# Top Entrances and SHB/Ventilation Question and Quilts



## warrior (Nov 21, 2005)

BTW, I have zero intent to ever use anything harsher than sugar inside the box to include going foundationless. I would like to be able to run them as I did in the past but realize that ain't possible but do not want to have to resort to nuking everything.


----------



## Specialkayme (Sep 4, 2005)

FWIW I use a shim as a top entrance, and a solid bottom board (w/o an entrance). I don't use traps or screened bottom boards (at least, on all the hives) and I don't have a problem with SHB. There are a few in there, but they don't take over that quickly.

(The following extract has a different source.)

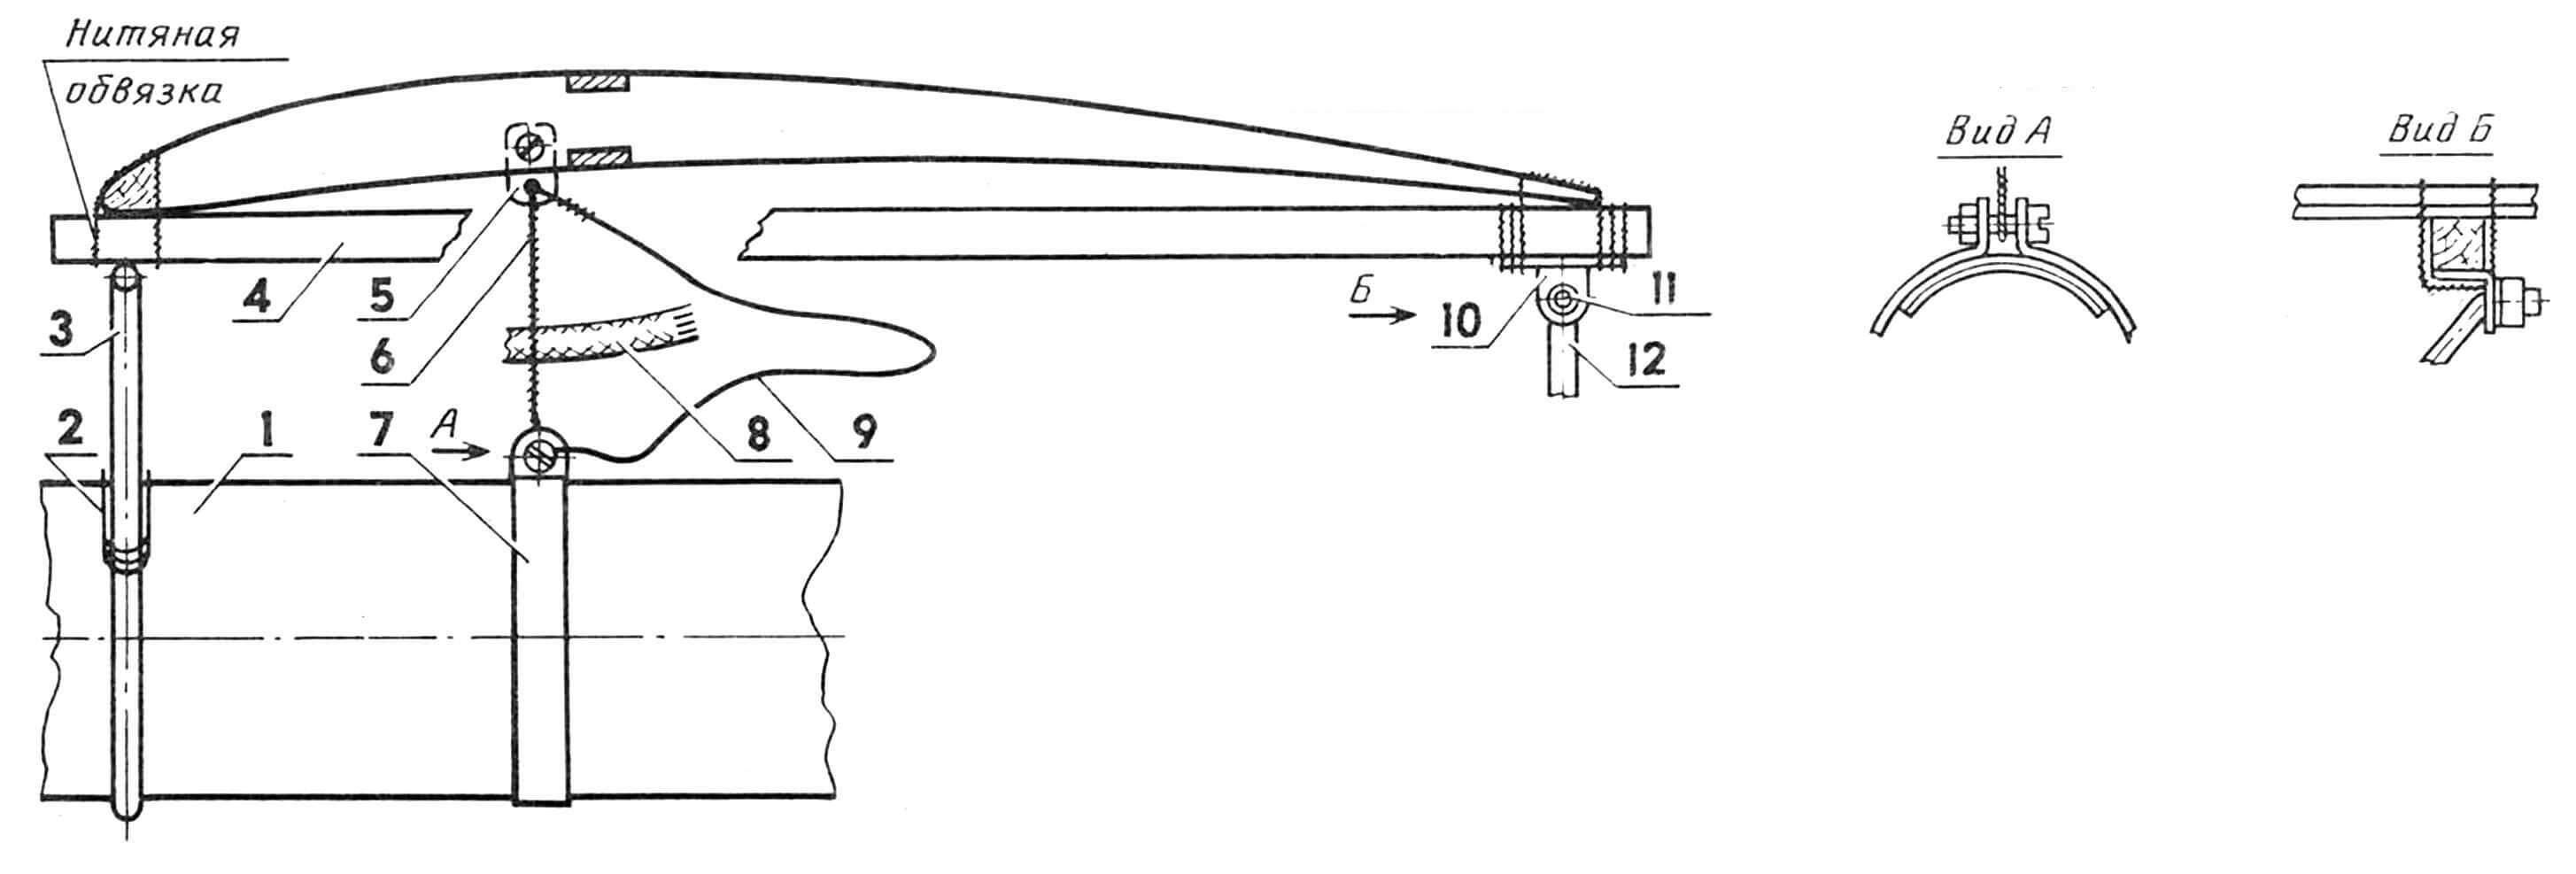 Рис. 4. Схема детермализатора: 1 — фюзеляж; 2 — проклеенные нитки; 3 — стойка переднего подкоса; 4 — ложемент; 5 — ушко (дюраль 0,8 мм); 6 — нитка; 7 — хомут с винтом; 8 — фитиль; 9 — корд; 10 — уголок фиксатора ложемента; 11 — кембрик; 12 — задняя стойка подкоса.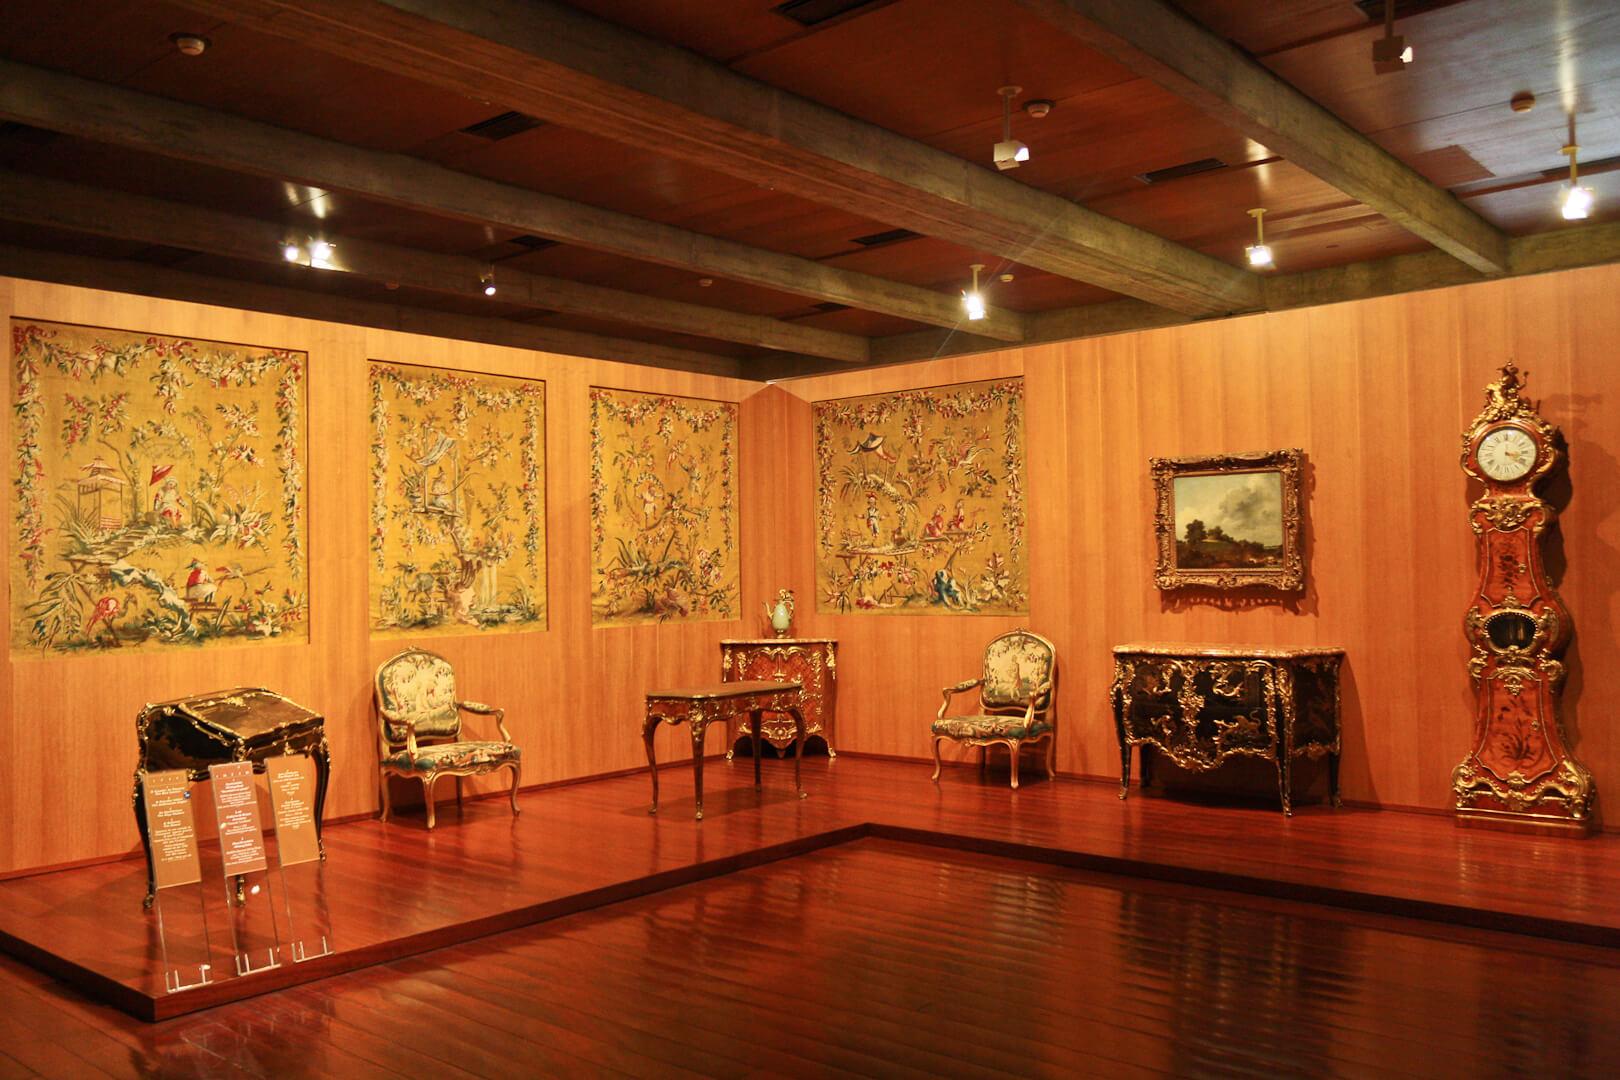 Произведений искусства в музее Галуста Гюльбенкяна

I am looking into a quilt or upper ventilation area for next year though.


----------



## warrior (Nov 21, 2005)

Thanks. So maybe my concern over SHB may just be paranoia over something unfamiliar? The entrance traps could be overkill then. I just remember how a little inattention could lead to moth problems and from the comments on SHB I assumed it was even more likely to occur.


----------



## greengecko (Dec 16, 2008)

Specialkayme said:


> I am looking into a quilt or upper ventilation area for next year though.


I am using a top quilt box made from a standard Langstroth shallow which contains natural insulating material (wood shavings) supported by thin solid wooden insert with two screened 3 1/2 inch openings.

My top covers are migratory style with ventilated front and rear screened eaves to allow air circulation above the wood shavings. Wood shavings are hygroscopic and transport moisture via capillary action from the hive to the ventilated eves. 

This will be my first winter with this arrangement so I be able to tell you how it works come next spring.

Here is a link to a description of the hive and a set of photos.

http://www.warrebeek.com/hhhive.html


----------



## Specialkayme (Sep 4, 2005)

Very nice GG. Do you have plans for those covers?

Keep me informed on how your winter goes. I'm very interested.


----------



## greengecko (Dec 16, 2008)

Specialkayme said:


> Very nice GG. Do you have plans for those covers?


These are for 8-frame hive bodies. The materials are 1/2" exterior plywood and 1x2 stock.


----------



## Specialkayme (Sep 4, 2005)

Thanks GG. I certainly have a new winter project (as if my wife will be fond of another one).


----------



## greengecko (Dec 16, 2008)

Here are drawings of the top and quilt box...



















... and one of the complete 2 deep 8-frame hive.










In the photo the top is covered with a piece of corrugated PVC for additional protection from the elements.


----------



## scdw43 (Aug 14, 2008)

Nice looking covers.


----------



## beemandan (Dec 5, 2005)

warrior said:


> So maybe my concern over SHB may just be paranoia over something unfamiliar?


You should be so lucky. First rule....put your hives in FULL sun!


----------